The minor catch? Subliminal messaging  does not work.

However, I see a way to extend the idea. There are very narrow cases  where subliminal messages affect behavior. A weak effect was seen when a thirsty user had to choose between two equivalent  types of soft drink. Subliminal messages at the exact right moment can influence the choice of brand.  The effect is probably very small, but for a manufacturer even a tiny effect might be worthwhile, since in general advertising is not very effective.

What is needed to make US 5,175,571 work? The application needs to focus on advertising rather than psychological well-being. Take soft drinks. A manufacturer could purchase “space” on the glasses. The glasses need to be context-aware, to know when the user is near the soft-drinks section of a store. This is challenging but doable, for example by including a tiny camera within the glass frame and analyzing any bar codes that the camera manages to catch, or perhaps by using an RFID reader.

There are even more possibilities if the stores collaborate. Put a  Bluetooth receiver in the glasses, and Bluetooth transmitters in the store that identify the aisle. When the glasses detect that the user is at the soft-drink aisle, the subliminal ad is projected to the lenses. Thus the user gets the subliminal message at the only time when it can make a difference: at the exact moment of choice.

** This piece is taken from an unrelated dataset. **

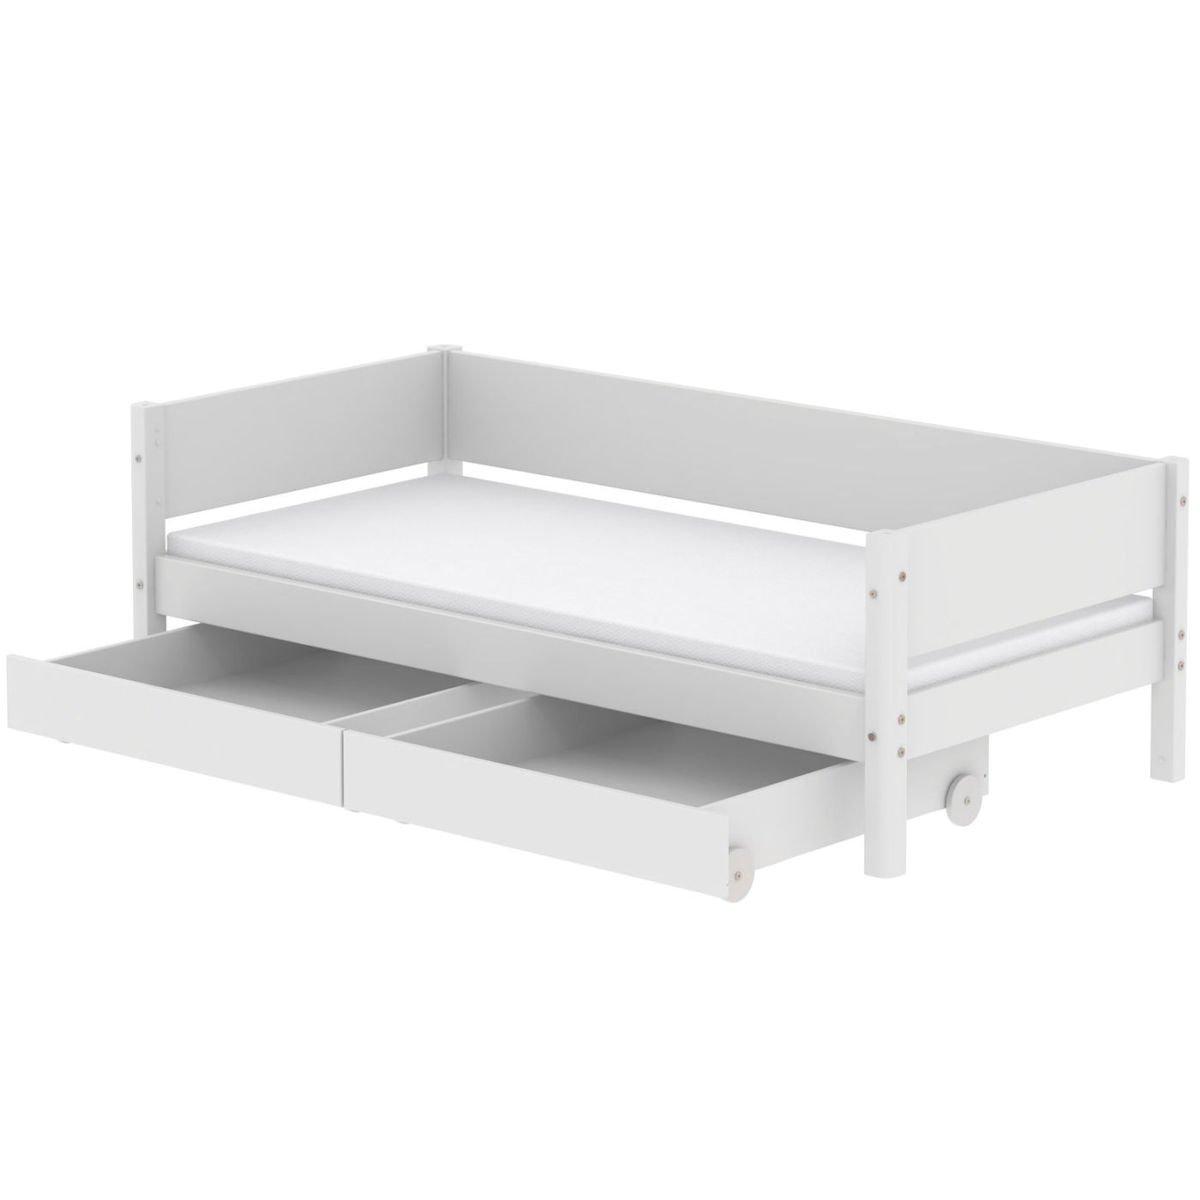 Wundervoll Einzelbett Weiß Das Beste Von White 90x200 Mit 2 Schübe Weiß/weiß
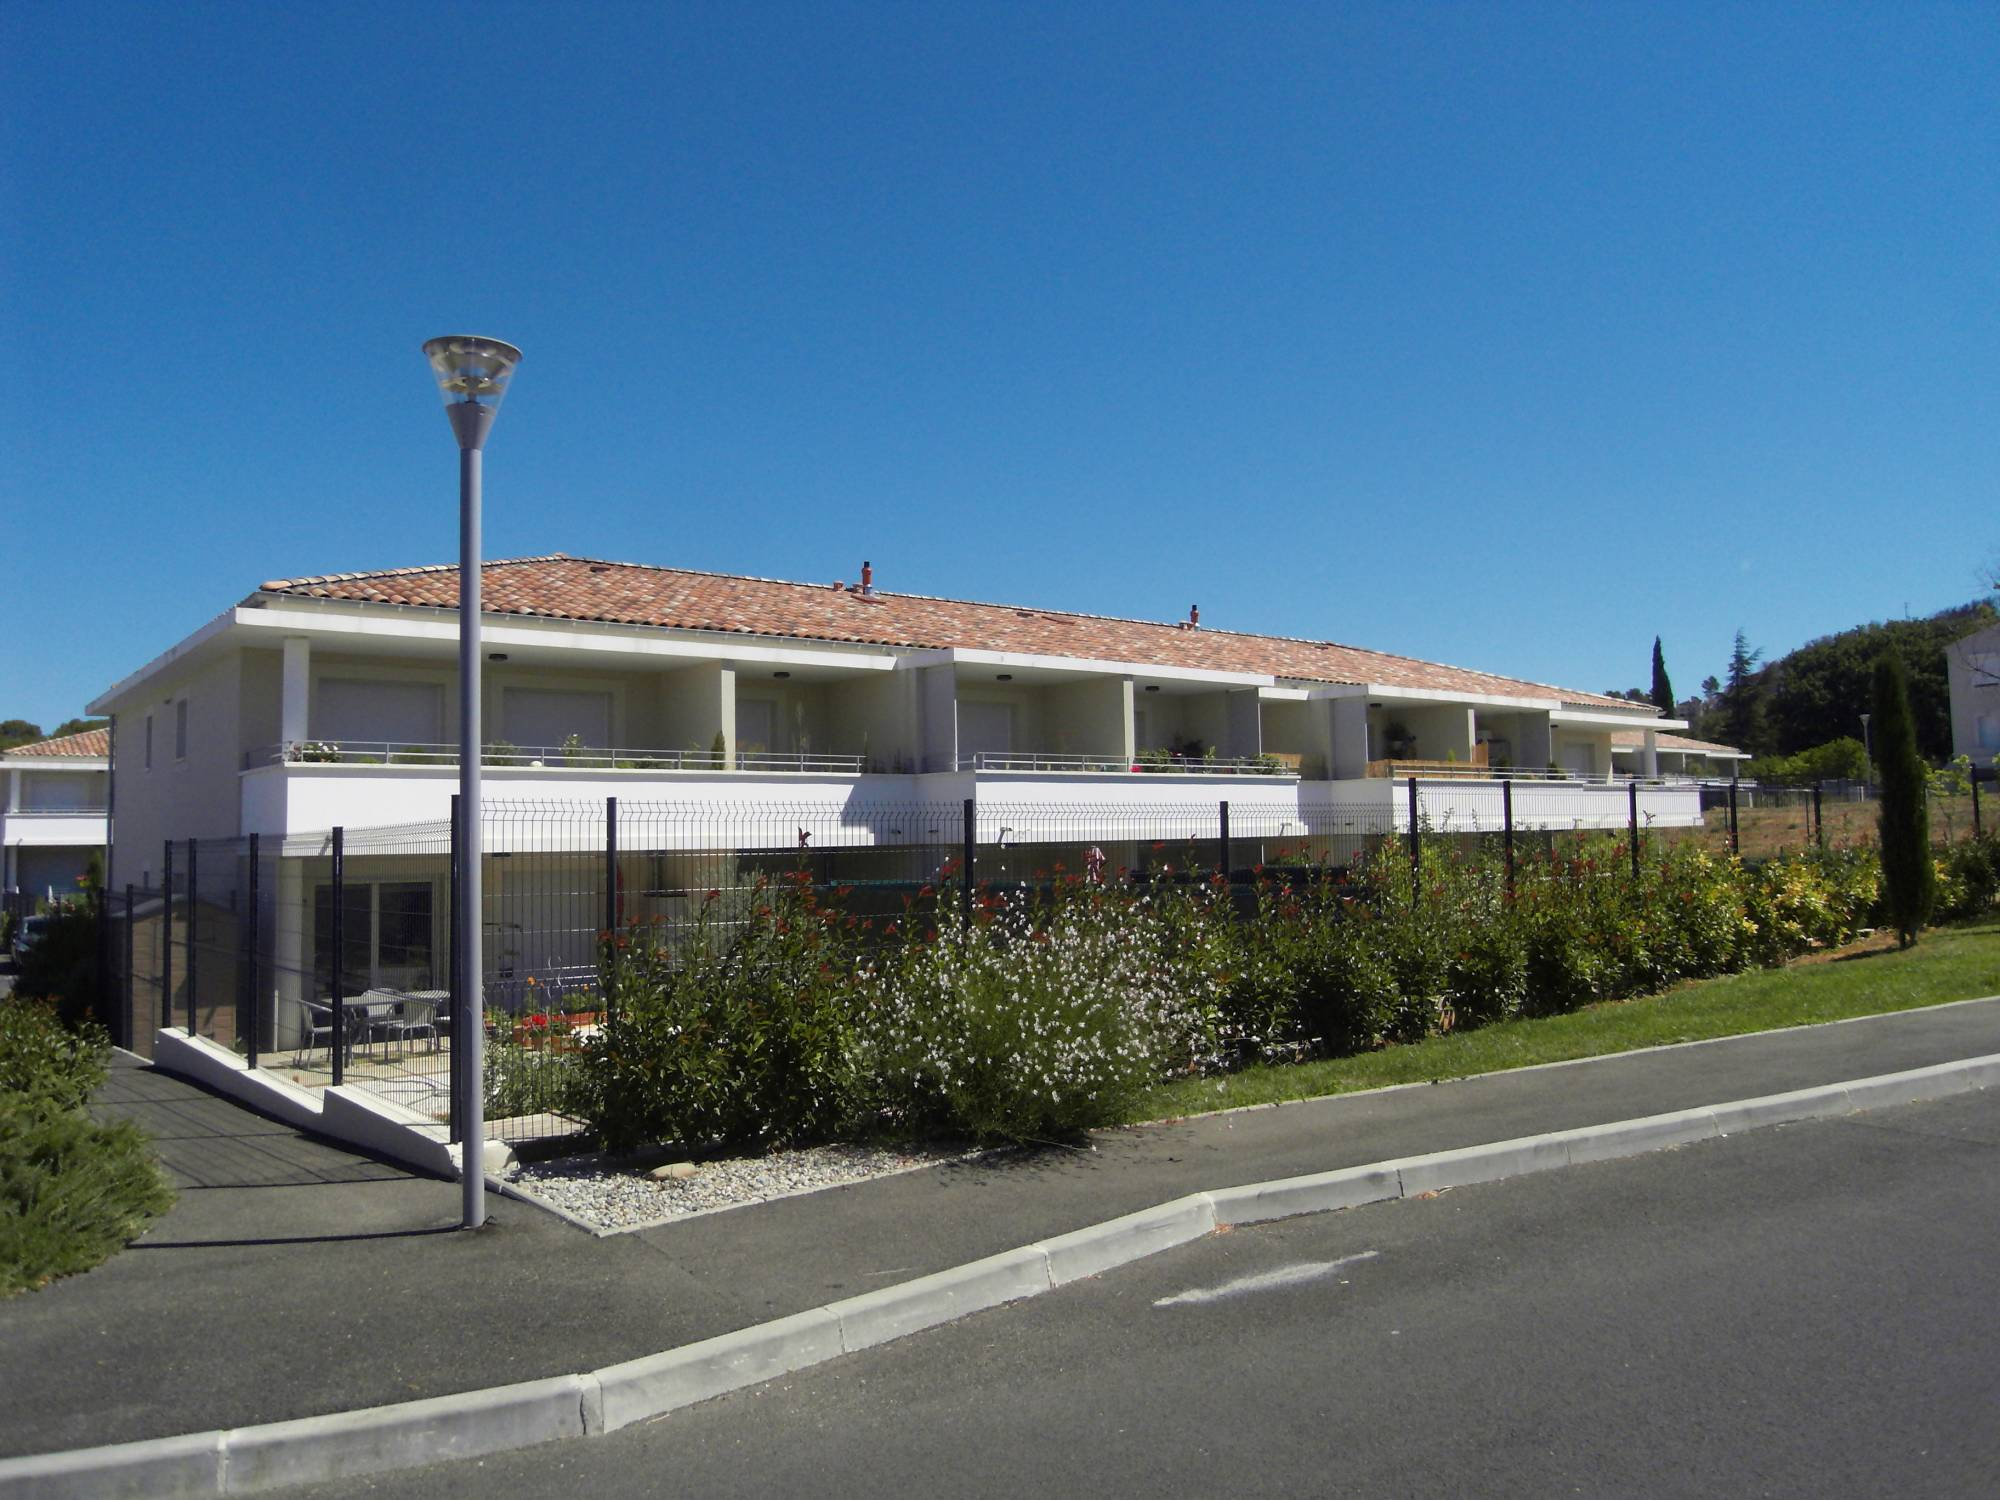 Maison Avec Piscine Et Jardin À Louer Marseille 13 ... tout Maison Avec Jardin A Louer

Even this version of the patent is silly, of course. Technically speaking, subliminal advertising is illegal in many countries. Even if the legal issues can be ignored: why on earth would anyone agree to wear such glasses?

In principle my attempt is a failure: I simply replaced one silly patent with another silly patent. But still I believe that the exercise was interesting. Things are not always what they seem to be.

Full set of Examinations of Silly Patents: click here.

Disclaimer: these analyses have very little to do with anything, and in particular have nothing to do with legal issues. Most of the patents cited are expired (or should be). I do not touch the “claims” section, which is the legally relevant part. These blogs constitute prior art, so that any new any ideas expressed here can no longer be patented.